GLI ISTITUTI SONO 772 (su 5.484 regionali) ma, a fronte di 145 sedi di dirigenza, 34 sono le reggenze da parte di chi ha già una sua sede, provincia stavolta superata, nel primato negativo, dalla bergamasca che, con meno sedi, ha 38 reggenti. È una macchina complessa quella lombarda, mancano i docenti, più di mille nel nostro territorio nonostante 629 nuovi incarichi a tempo indeterminato, soprattutto nelle primarie; mancano bidelli e dirigenti di segreteria, mancano gli insegnanti di sostegno. Gli alunni però diminuiscono, per la prima volta dall’inizio del secolo. Di poco, nel totale lombardo, - 0,27 per cento, con una discesa consistente dell’infanzia, dal 2007-08, e delle primarie, dal 2013-14, per ora compensata dalla crescita delle secondarie, dove tuttavia arriverà l’onda lunga. La crisi, il calo demografico si intrecciano fra loro e con la frequenza dei piccolini. A Brescia gli iscritti sono 186.866, di cui oltre 50mila alle superiori. Una curiosità.

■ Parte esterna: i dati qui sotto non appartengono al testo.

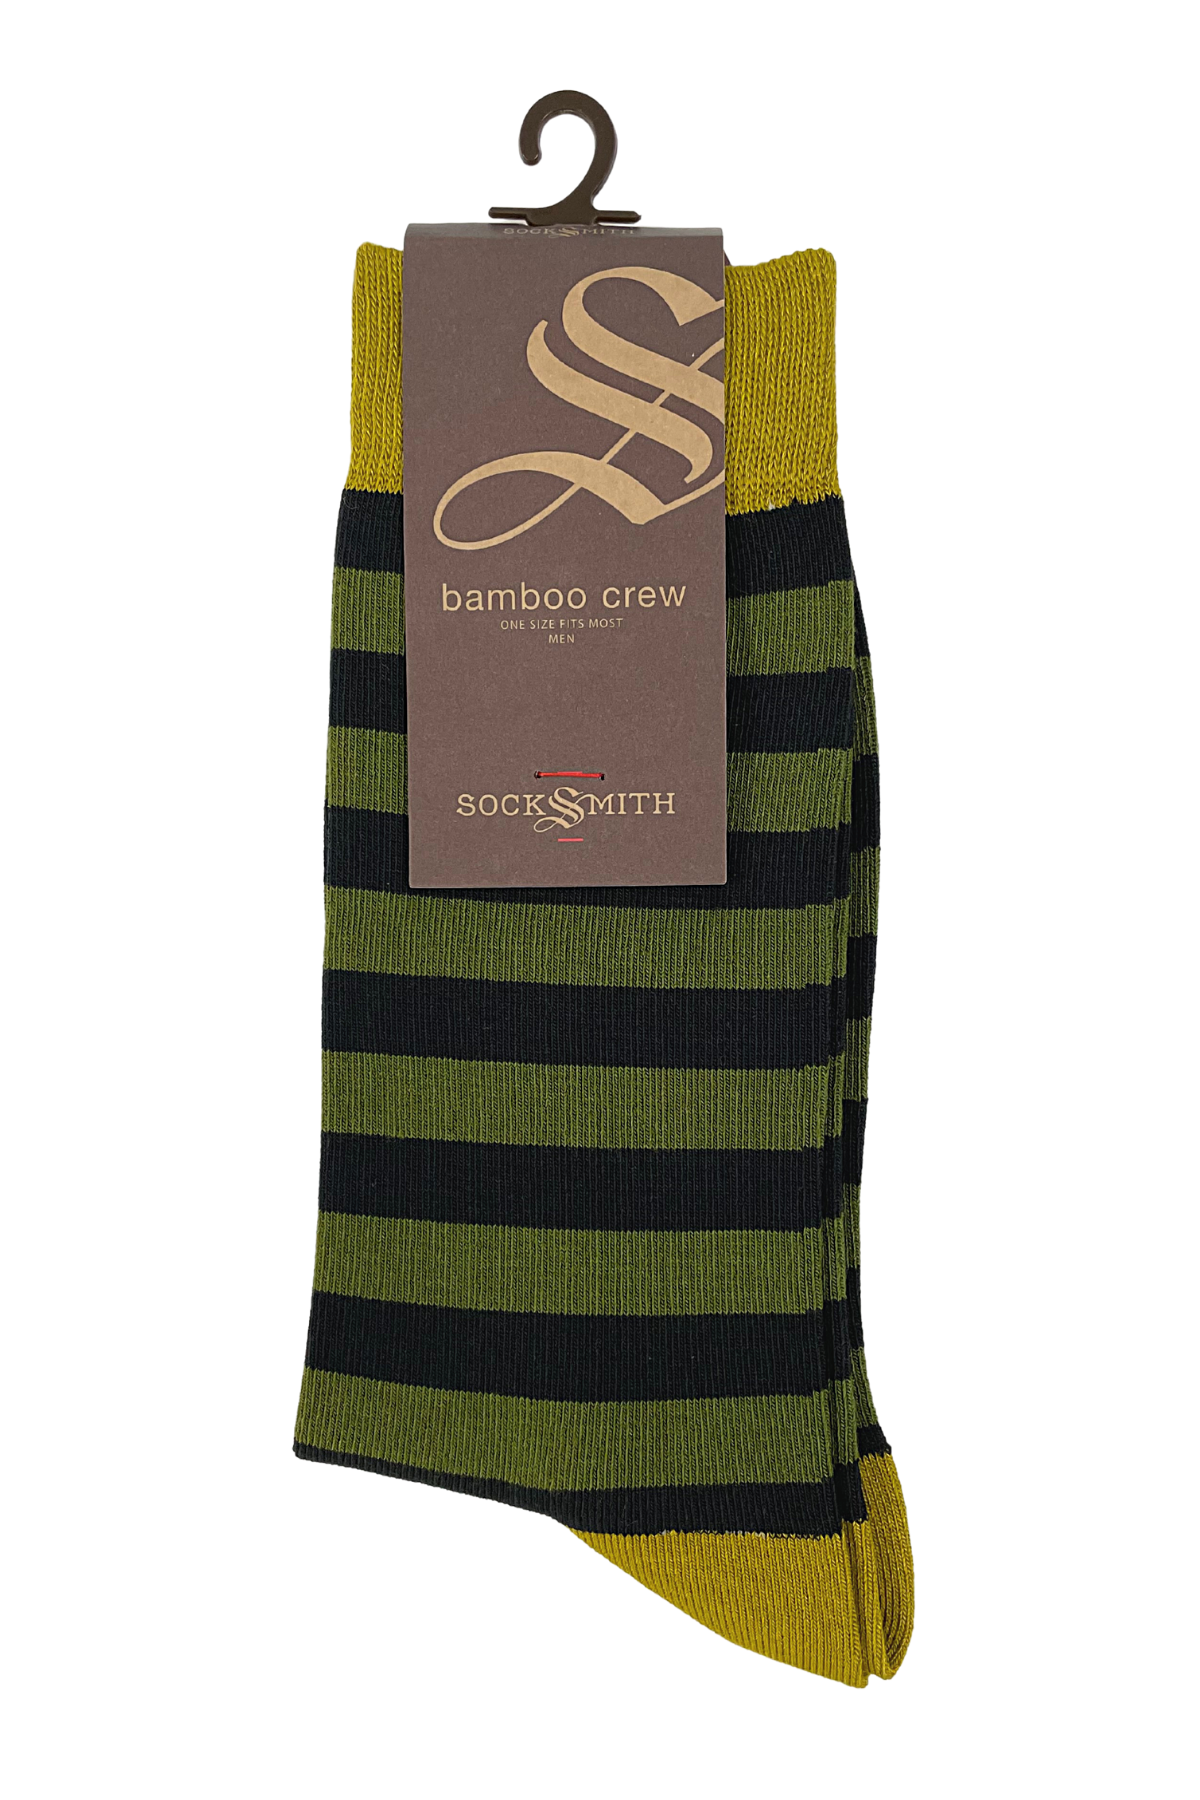 Socksmith Bamboo Stripe Socks - Olive - 6_2d98c233-4c29-4c01-bca7-49ce49be0029

Il bilancio al 3 settembre, modificato rispetto alle prime anticipazioni, rimette in evidenza ancor più pesantemente l’anomalia bresciana: i nostri ragazzi rimangono gli unici in Lombardia, e forse in Italia, a preferire gli studi tecnici ai licei, 41,8 contro 37,5 per cento. Se si somma il 20 per cento dei professionali, si capisce l’orientamento deciso nell’area manifatturiera per eccellenza. Sta scemando l’apporto degli iscritti stranieri ma il Bresciano ha ancora numeri alti di scolari immigrati o di seconda generazione. Sono quasi 30mila, tre volte quelli delle altre zone lombarde, Milano a parte, 3166 pure nelle paritarie. E anche i nuovi ingressi sono 748, sempre al secondo posto regionale.

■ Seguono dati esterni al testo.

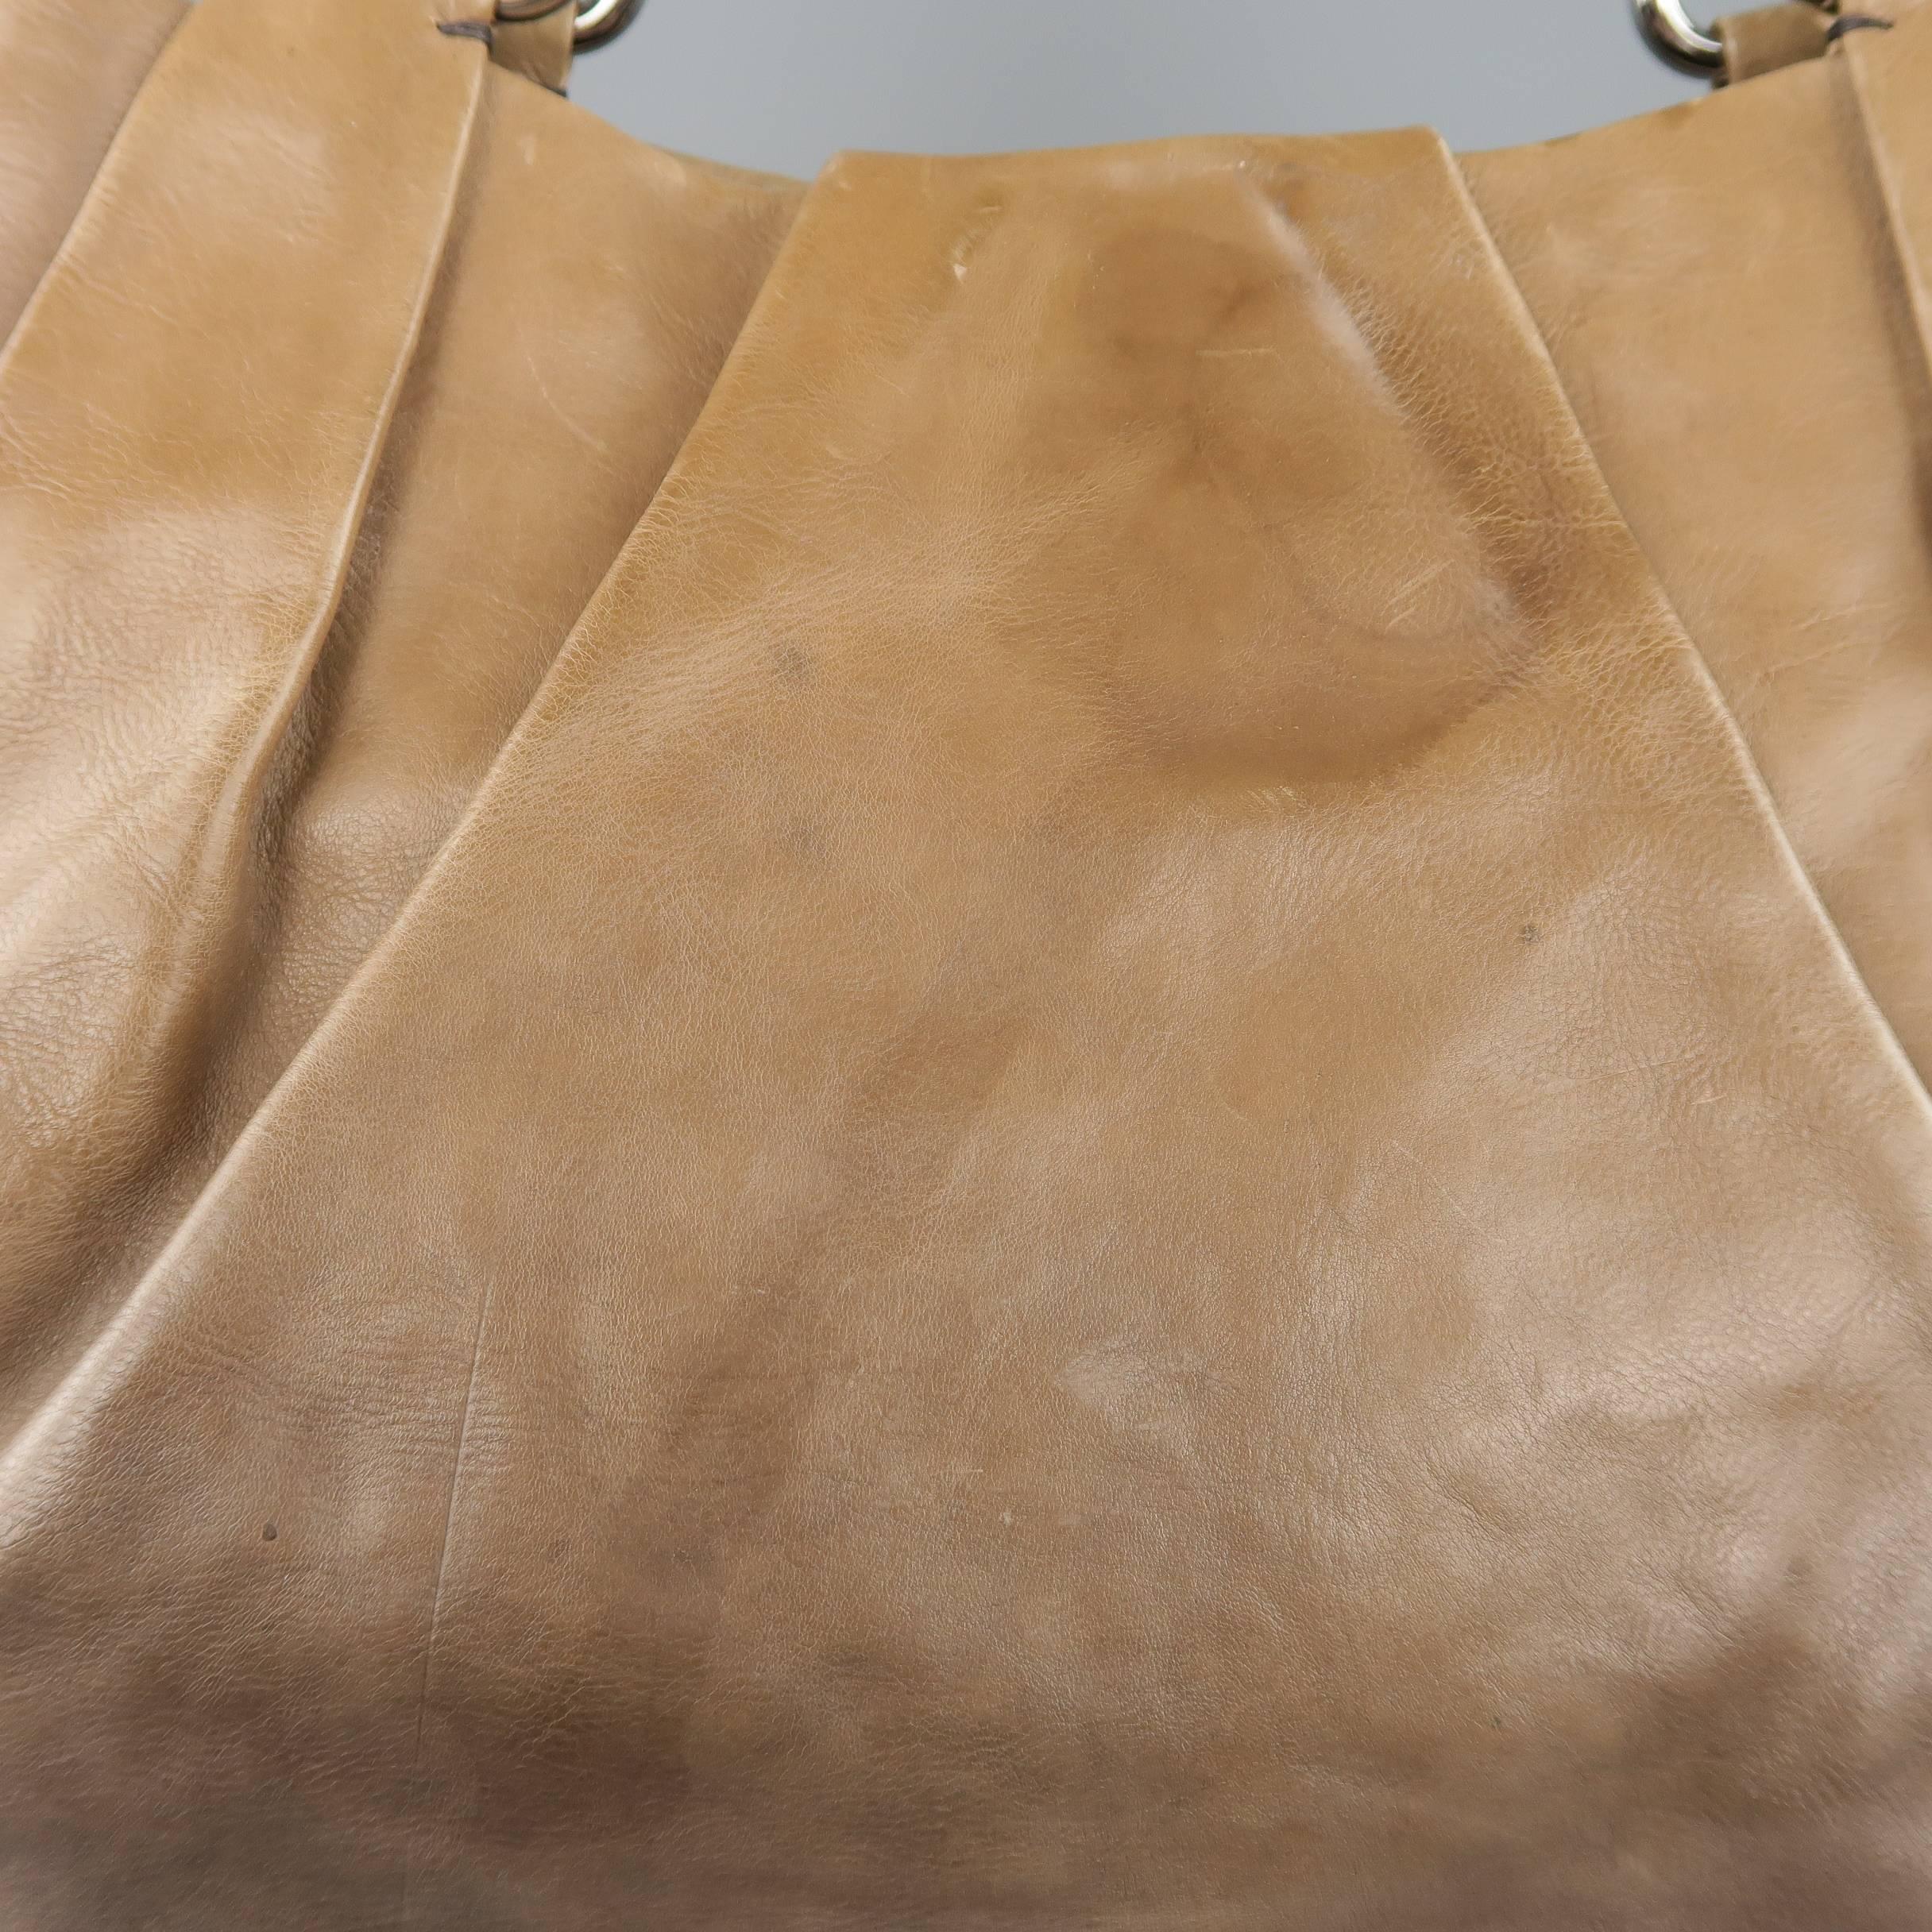 PRADA Taupe Ombre Leather Degrade Blond Mordor Glace Handbag 4

CI SONO ISTITUZIONI da 3 a 11 anni, tipiche quelle del centro storico, in cui ben più della metà degli iscritti ha origini non italiane. Una di queste è la primaria Manzoni di via dei Mille dove il dirigente dell’Ufficio scolastico territoriale Giuseppe Bonelli, con la dirigente Loredana Guccione, ha ieri mattina tagliato il nastro del 2018-19. Tutto il mondo stava in quel cortile, un modello di mondo bello in cui le mani si stringevano in un girotondo allegro e condiviso. «Noi siamo quelli che formiamo l’arcobaleno e regaliamo a tutti la felicità, la felicità che colore non ha» cantavano i bambini vestiti uguali e così diversi, col cappellino della scuola che hanno lanciato in aria alla fine. Guidati dalle maestre Rebecca e Barbara, i 140 alunni hanno cantato e ballato, dando il benvenuto ai nuovi compagni e a Bonelli che ha sottolineato la funzione unificante della scuola, fin dal post Risorgimento, con i valori dell’accoglienza e della pace, del rispetto. «Questo è un posto che accoglie tutti, esalta le differenze e crea i cittadini italiani, dà il suo contributo positivo alla realtà complessa di questa zona. La scuola bresciana è un’eccellenza» ha detto. La Manzoni fa parte del Comprensivo Centro 3 con Calini, Crispi, Mompiani, sezione ospedaliera, 1200 alunni in totale. Gli insegnanti sono una ventina: ci sono tutti tranne alcuni di sostegno, come in tante altre situazioni bresciane.